9) The Pesthouse by Jim Crace

I remember finding this book somewhere shortly after I’d been prompted to read it by Ronnie Hughes in an exchange under this blog post. That tells me that I”ve been hanging on to the book for more than a year, and it was worth the wait. Crace is a unique writer, able to conjure strange but familiar worlds, to create characters who are familiar yet utterly distant to your current life, and novels that are compelling without conventional plot structures. If you haven’t read any by him, I thoroughly recommend Harvest, Being Dead and Arcadia amongst others.

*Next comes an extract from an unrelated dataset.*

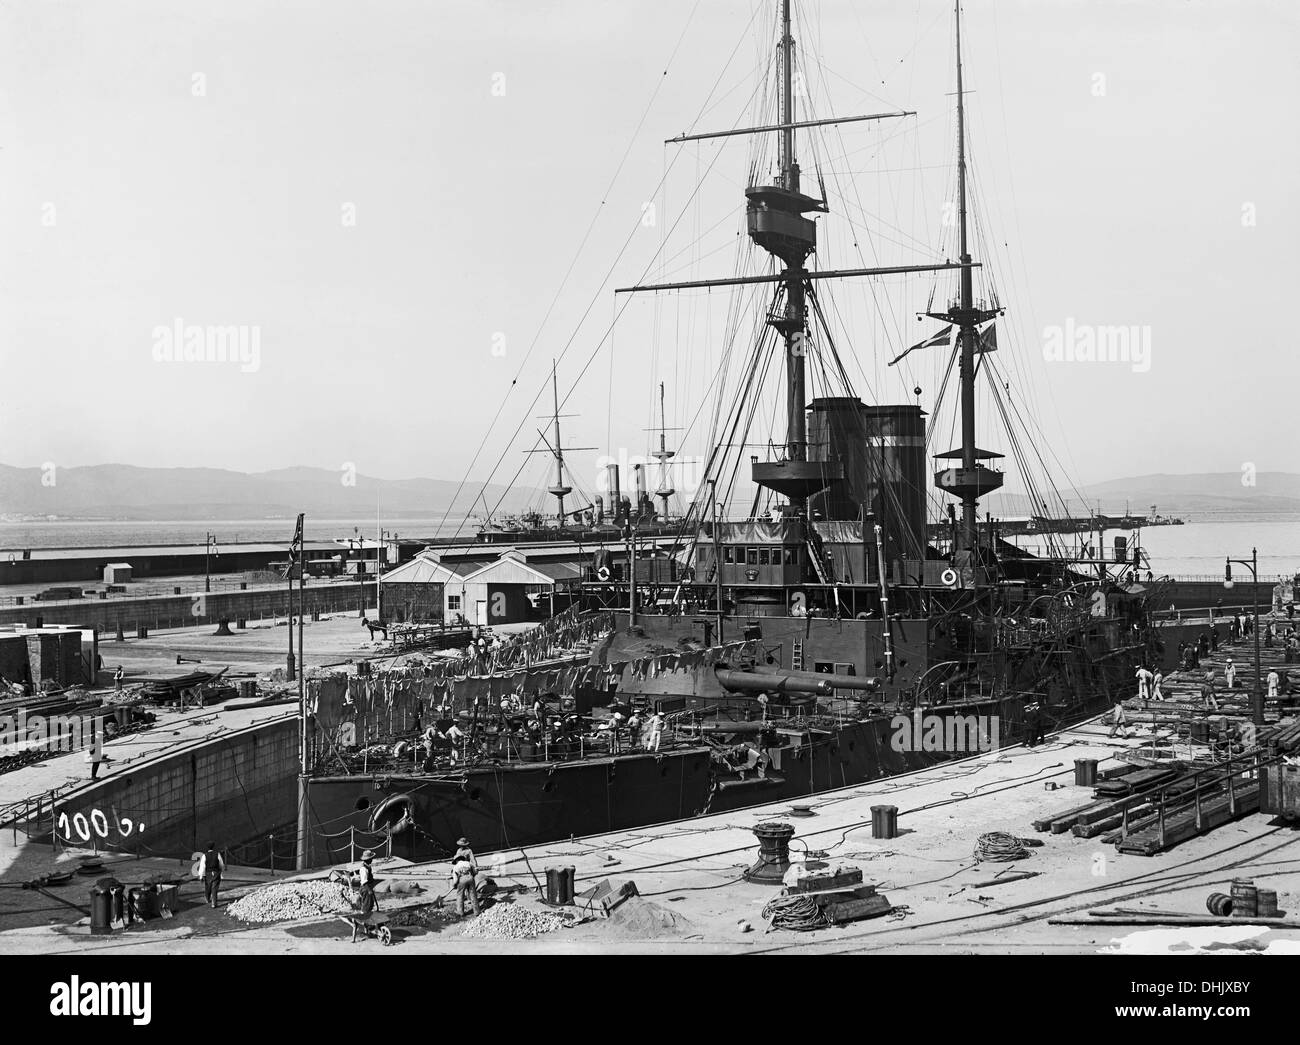 Blick auf ein Kriegsschiff in den Hafen von Gibraltar zwischen 1911 und 1913. Das Bild wurde von dem deutschen Fotografen Oswald Lübeck, einer der frühesten Vertreter der Reisefotografie und Schiff Fotografie an Bord Fahrgastschiffe aufgenommen. Foto: Deutsche Fotothek/Oswald Lübeck Stockfoto

The Pesthouse is the tale of Franklin and Margaret, a young man and woman thrust together by a disaster striking the town they happen to both be in that night. After that apocalyptic event, they strike out like pioneers across a weird old-new America which seems to be falling apart at the seams. There are rustlers rounding up young men, religious groups banning metal, and everyone is trying to escape to some unseen, unknown promised land.

Crace is such a lyrical writer, and there’s much beauty to be found in the sentences in the novel, particularly in the early stages – it’s immensely powerful stuff, and he has a way with words and structure which is difficult to define, but impossible not to admire. I love reading his novels, and this one held me gripped for almost the entire way, only waning slightly in the last 30 to 40 pages.

The story is specific but universal as well: it’s about outcasts, immigrants, the urge to explore, loyalty, family, and what it means to be a nation made up of wanderers. At its heart, though, it is about friendship and a growing love between two people which is profoundly affecting – and you can’t help rooting for them 100% of the way.